Name:	Remoteness.PNG
Views:	1
Size:	5.7 KB
ID:	1707084

              The first term is the simple average of (the natural logarithms of) the mean distance of country i from all of its trading partners except j and the second term is the mean distance of country j from all of its trading partners except i. The data in my case looks like:
              Code:
              * Example generated by -dataex-. To install: ssc install dataex
              clear
              input str3(iso_i iso_j) double distance
              "ABW" "AFG"   13257.814453125
              "ABW" "AGO"   9516.9130859375
              "ABW" "AIA" 983.2682495117188
              "ABW" "ALB"      9091.7421875
              "AFG" "ABW"   13257.814453125
              "AFG" "AGO"   7607.7998046875
              "AFG" "AIA"   12292.158203125
              "AFG" "ALB"  4342.11669921875
              "AGO" "ABW"   9516.9130859375
              "AGO" "AFG"   7607.7998046875
              "AGO" "AIA"   8901.4638671875
              "AGO" "ALB"  5623.82666015625
              end
              The distance measures are symmetric; the distance between ABW-AFG is the same as the distance between AFG-ABW and so on.

              Thanks,
              (Ridwan)




              Comment


              • #8
                This question has nothing to do with the topic of this thread. While it is easy to think of Forum threads as dialogs between a questioner and a responder, they are also read, and searched for, by other Forum members and visitors to the site.
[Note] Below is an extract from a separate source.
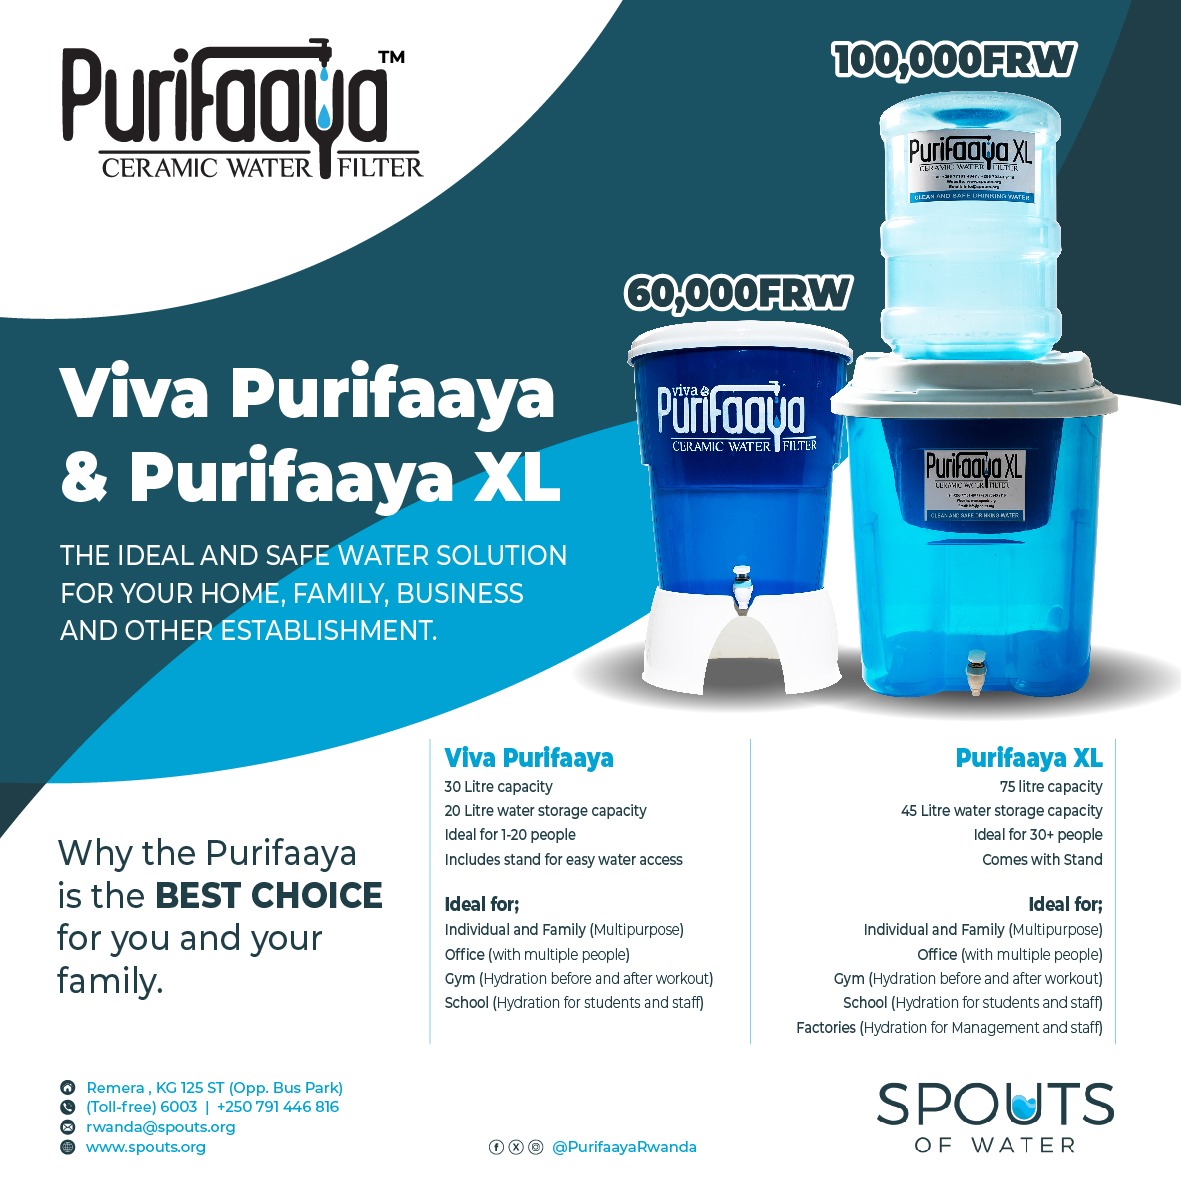 Our multipurpose Viva and Purifaaya XL provide you with a safe, clean solution for your drinking water needs. Order yours today at purifaaya.com, or call 079-144-6816 or our toll-free number 6003.

#choose #purifaaya #ceramic #filters #cleandrinkingwater

Those people will generally choose what to read based on the thread title. By including extraneous material, you make those who came looking for the topic in the thread title waste their time, and you prevent those who are searching for the off-topic material from finding it. In the future, please always start a new thread when you change topic.

                Code:
                * Example generated by -dataex-. To install: ssc install dataex
                clear
                input str3(iso_i iso_j) double distance
                "ABW" "AFG"   13257.814453125
                "ABW" "AGO"   9516.9130859375
                "ABW" "AIA" 983.2682495117188
                "ABW" "ALB"      9091.7421875
                "AFG" "ABW"   13257.814453125
                "AFG" "AGO"   7607.7998046875
                "AFG" "AIA"   12292.158203125
                "AFG" "ALB"  4342.11669921875
                "AGO" "ABW"   9516.9130859375
                "AGO" "AFG"   7607.7998046875
                "AGO" "AIA"   8901.4638671875
                "AGO" "ALB"  5623.82666015625
                end
                
                //  VERIFY NECESSARY ASSUMPTIONS
                //  ASSUMPTION 1: ISO_I AND ISO_J ARE ALWAYS DIFFERENT
                assert iso_i != iso_j
                
                //  ASSUMPTION 2: EVERY ISO_I ISO_J PAIR HAS SAME DISTANCE AS ISO_J ISO_i
                gen pair = cond(iso_i < iso_j, iso_i+iso_j, iso_j+iso_i)
                by pair (distance), sort: assert distance[1] == distance[_N]
                
                tempfile copy
                save `copy'
                
                //  FOR PAIRS ISO_I ISO_J THAT ONLY OCCUR IN ONE ORDER, CREATE
                //  A REVERSED ORDER PAIR
                by pair: gen expander = cond(_N == 1, 2, 1)
                expand expander
                by pair, sort: gen temp = iso_i if expander == 2 & _n == 2
                by pair: replace iso_i = iso_j if expander == 2 & _n == 2
                by pair: replace iso_j = temp if expander == 2 & _n == 2
                
                drop expander temp
                isid iso_i iso_j
                
                rangestat (mean) t1 = distance, by(iso_i) excludeself interval(distance . .)
                rangestat (mean) t2 = distance, by(iso_j) excludeself interval(distance . .)
                gen wanted = 0.5*(log(t1) + log(t2))
                
                merge 1:1 iso_i iso_j using `copy', keep(match using) nogenerate
                There are key assumptions required for this code to work properly, and they are verified at the top of the code.
                Note: -rangestat- is written by Robert Picard, Nick Cox, and Roberto Ferrer. It is available from SSC.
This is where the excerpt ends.